Richard Johnson, the committee chair for the playoff committee, joined ESPN to provide some rationale on their picks for the 16-team playoff as well as the committee’s picks for the last two teams in (8-3 Nicholls State and 7-4 South Dakota), and the first two teams left out (Austin Peay and 7-4 Delaware). A team like Howard, who finished 7-4 overall with a remarkable turnaround of their own, is also deserving of mention for at at-large bid.

Johnson, in his third-year leading the committee, noted that this was by far the hardest year in picking a field before being asked why Austin Peay – a team that put up 30 points against an undefeated UCF team – was left out.

Here was Johnson’s explanation on 8-4 Austin Peay being left out:

“They’re a compelling story, but when we looked at it, and you look at three FBS losses, and then a loss to Jacksonville State, they were 0-1 against teams in the field, and we looked at that consistently. We also looked at head-to-head rankings, and because they played the FBS teams, they didn’t play any additional FCS opponents and forgo an opportunity there to beat an FCS opponent out of conference.

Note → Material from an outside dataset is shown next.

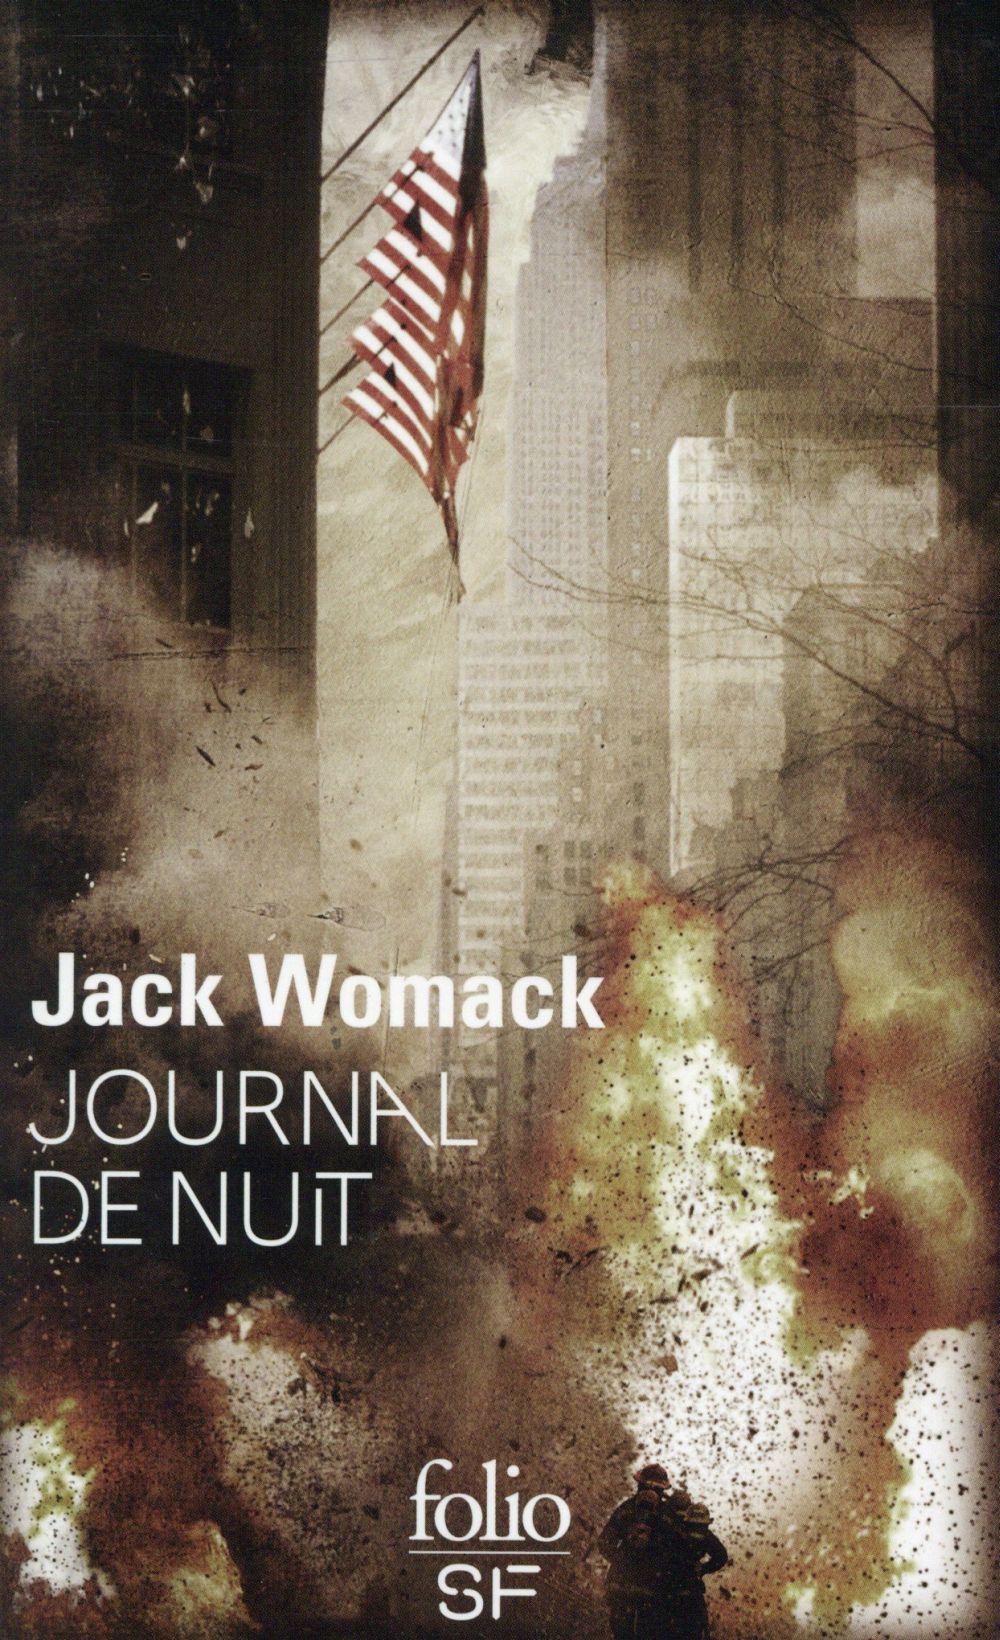 JOURNAL DE NUIT

“Then we rely on our regional rankings, so the regional advisory rankings had Austin Peay lower, and then the committee rankings, as a result, had them a little lower. But there was a lot of debate on Austin Peay, and they had a great year and were a deserving team, we just didn’t have enough spots.”

Whoa. Hang on a second? So because Austin Peay scheduled some guarantee games that will help their football operating and recruiting budget tremendously instead of scheduling cupcake FCS teams to simply get a win, they’re ultimately penalized? I fail to see how that logic makes sense.

That could set an interesting precedent when FCS programs look to fill their schedule in the coming years. They may effectively have to choose between a guarantee game to help their operating and recruiting budgets, or a shot at an FCS win that moves their bottom line very little in the hopes of making the playoff field, and then having some limitations when it comes to hitting the road to recruit, or to retain and quality attract coaches, or upgrade facilities..

Most of our coaching audience reading this understands how vital it is for FCS programs to schedule those guarantee games with FBS opponents. For most of them, that guarantee money makes up a significant portion of their annual budget, and that budget would ultimately get cut significantly by opting to play a softer FCS team. It’s an interesting topic we wrote about extensively when the Big Ten made the decision back in 2013 to ban members from scheduling FCS opponents – a stance that they’ve since adjusted.

Hear Johnson’s full comments below.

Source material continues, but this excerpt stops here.